Activity:
Could the data below be copied exactly, minus the pictures?

[Opening Information shown section]

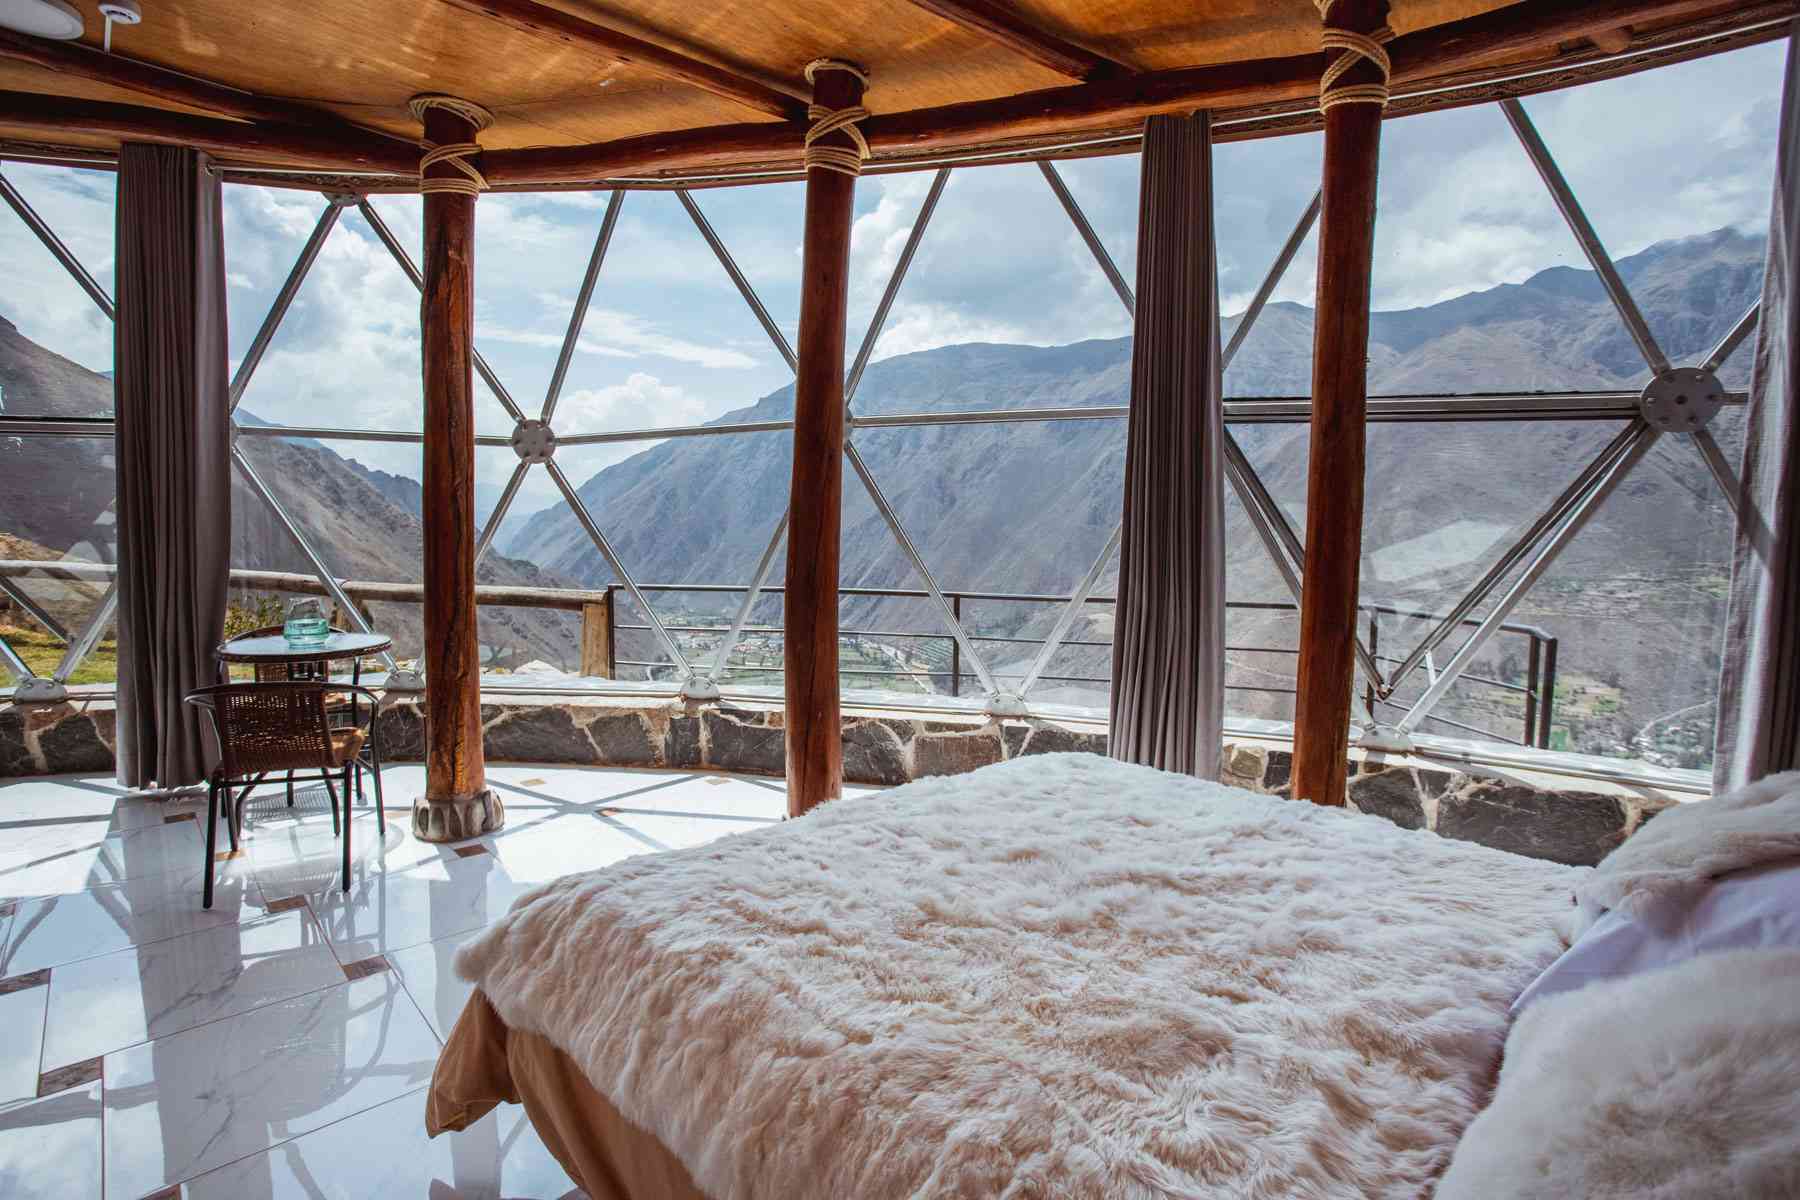 Hôtel-boutique de luxe avec une structure en dôme transparent niché dans les montagnes du Pérou.  Vues panoramiques depuis l'intérieur de la chambre et du restaurant
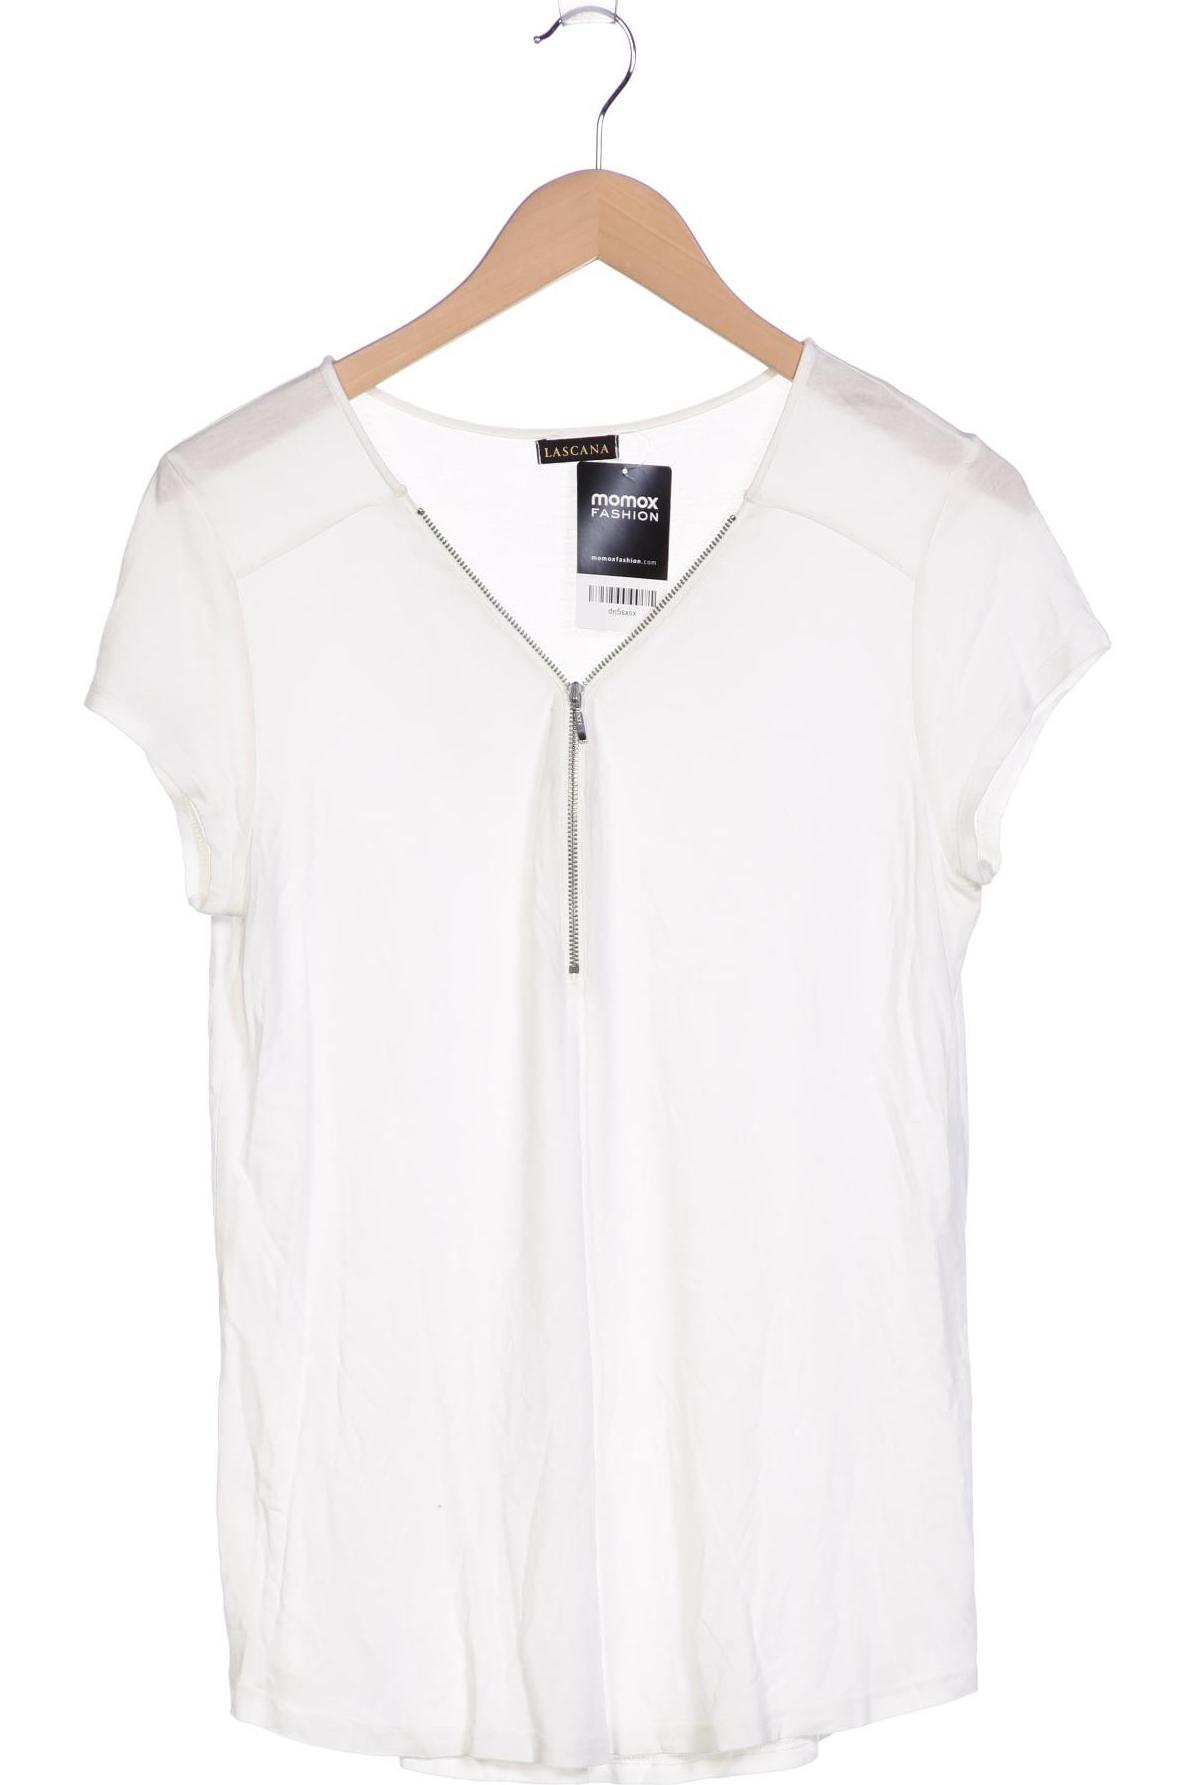 Lascana Damen T-Shirt, weiß, Gr. 38 von Lascana
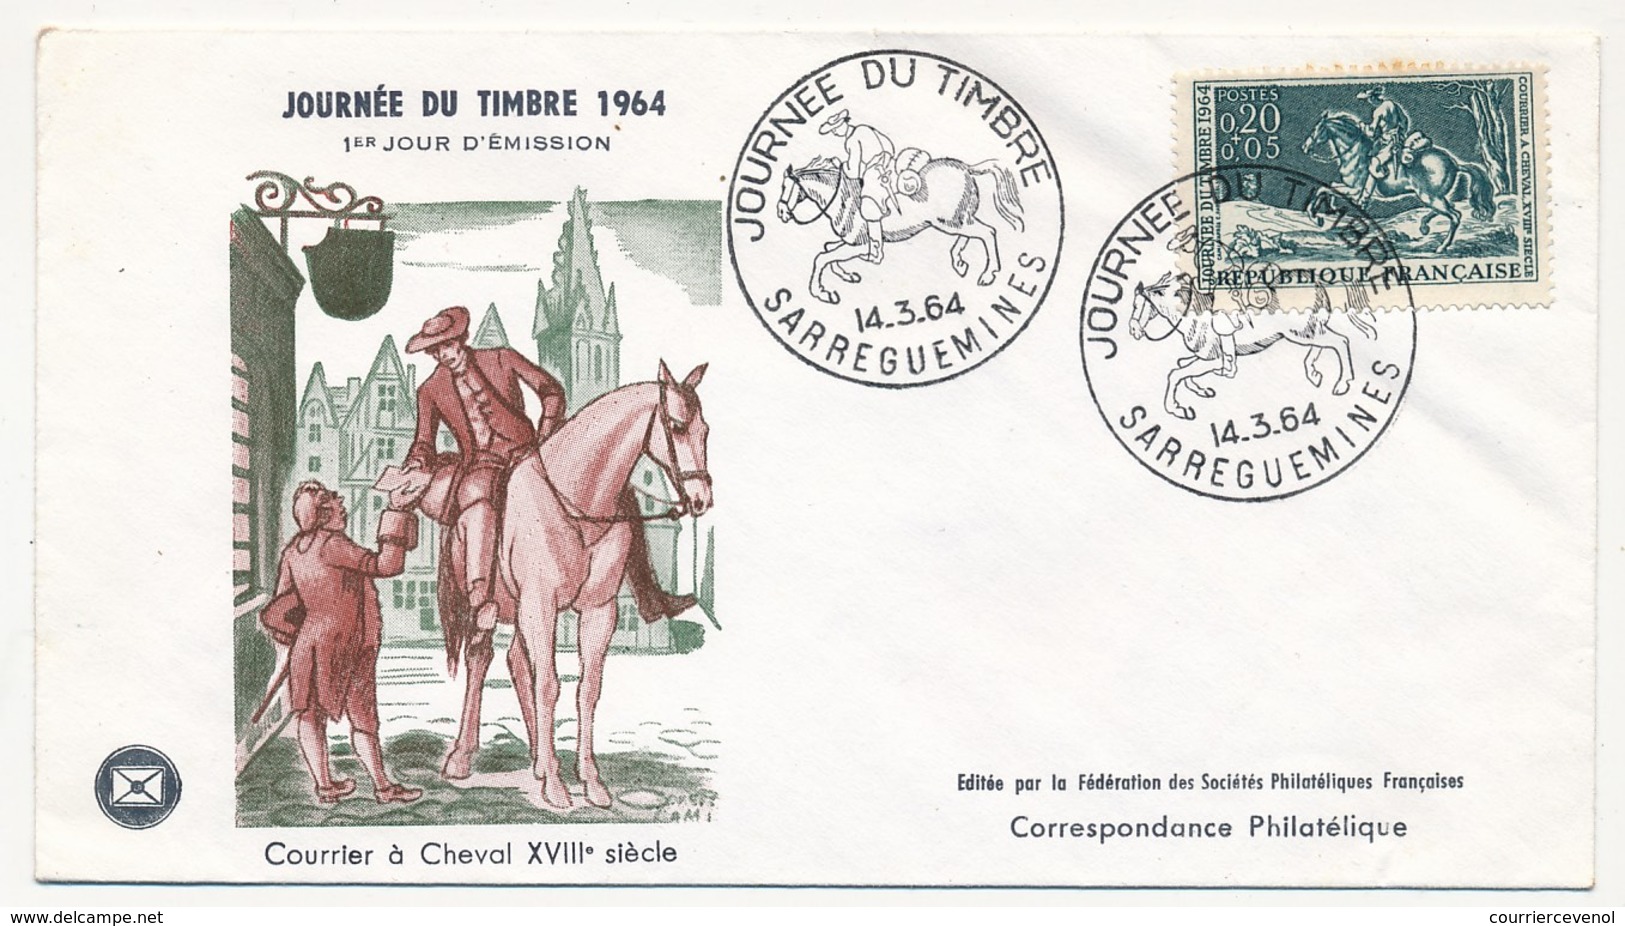 FRANCE - Enveloppe FDC - Journée Du Timbre 1964 (Courrier à Cheval XVIIIeme Siècle) - SARREGUEMINES 14.3.1964 - Stamp's Day

[Closing Information shown section]

Output for this task:
 Hôtel-boutique de luxe avec une structure en dôme transparent niché dans les montagnes du Pérou.  Vues panoramiques depuis l'intérieur de la chambre et du restaurant
 Lascana Damen T-Shirt, weiß, Gr. 38 von Lascana
 FRANCE - Enveloppe FDC - Journée Du Timbre 1964 (Courrier à Cheval XVIIIeme Siècle) - SARREGUEMINES 14.3.1964 - Stamp's Day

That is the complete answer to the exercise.